An earlier competition by Criteo, as well as contests by Yandex, Tencent and Avazu have all brought attention to variants of the task: namely, that of predicting the probability of a user clicking on an item (e.g. an advertisement or webpage link) based on attributes describing various properties of the context, the item and the user. However, these datasets tended to be small samples of realistic production datasets, often small enough to fit in the RAM of a high-end modern workstation.

By contrast, the newly available Criteo 1TB dataset provides over 4 billion examples with binary labels (click vs. no-click). There are 156 billion total (dense) feature-values and over 800 million unique attribute values.
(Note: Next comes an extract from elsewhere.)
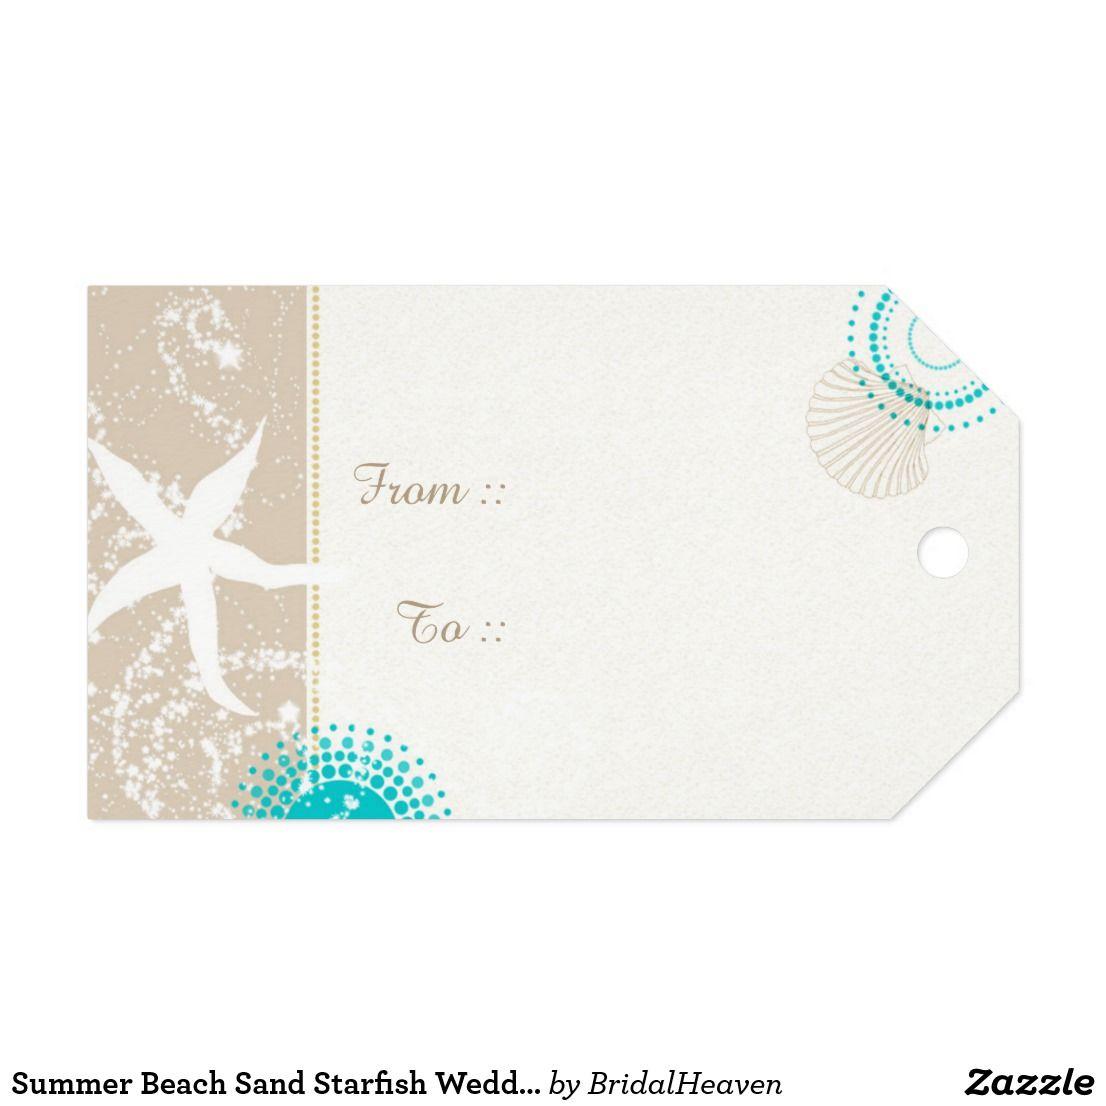 Summer Beach Sand Starfish Wedding Gift Tags | Custom wedding gifts ...

While this record-breaking scale may seem formidable for classic ML algorithms, the emergence of cloud ML platforms makes it straightforward for every data scientist to train predictive models on such datasets from their laptop, utilizing distributed learning techniques such as Learning with Counts (codenamed Dracula – an area where we will present a detailed experiment on this dataset in a follow-up post).

We salute Criteo for giving our field a practical baseline that allows us to quantify progress in “big learning”. And we really look forward to all the new algorithms and systems that this dataset will motivate and inspire you to create.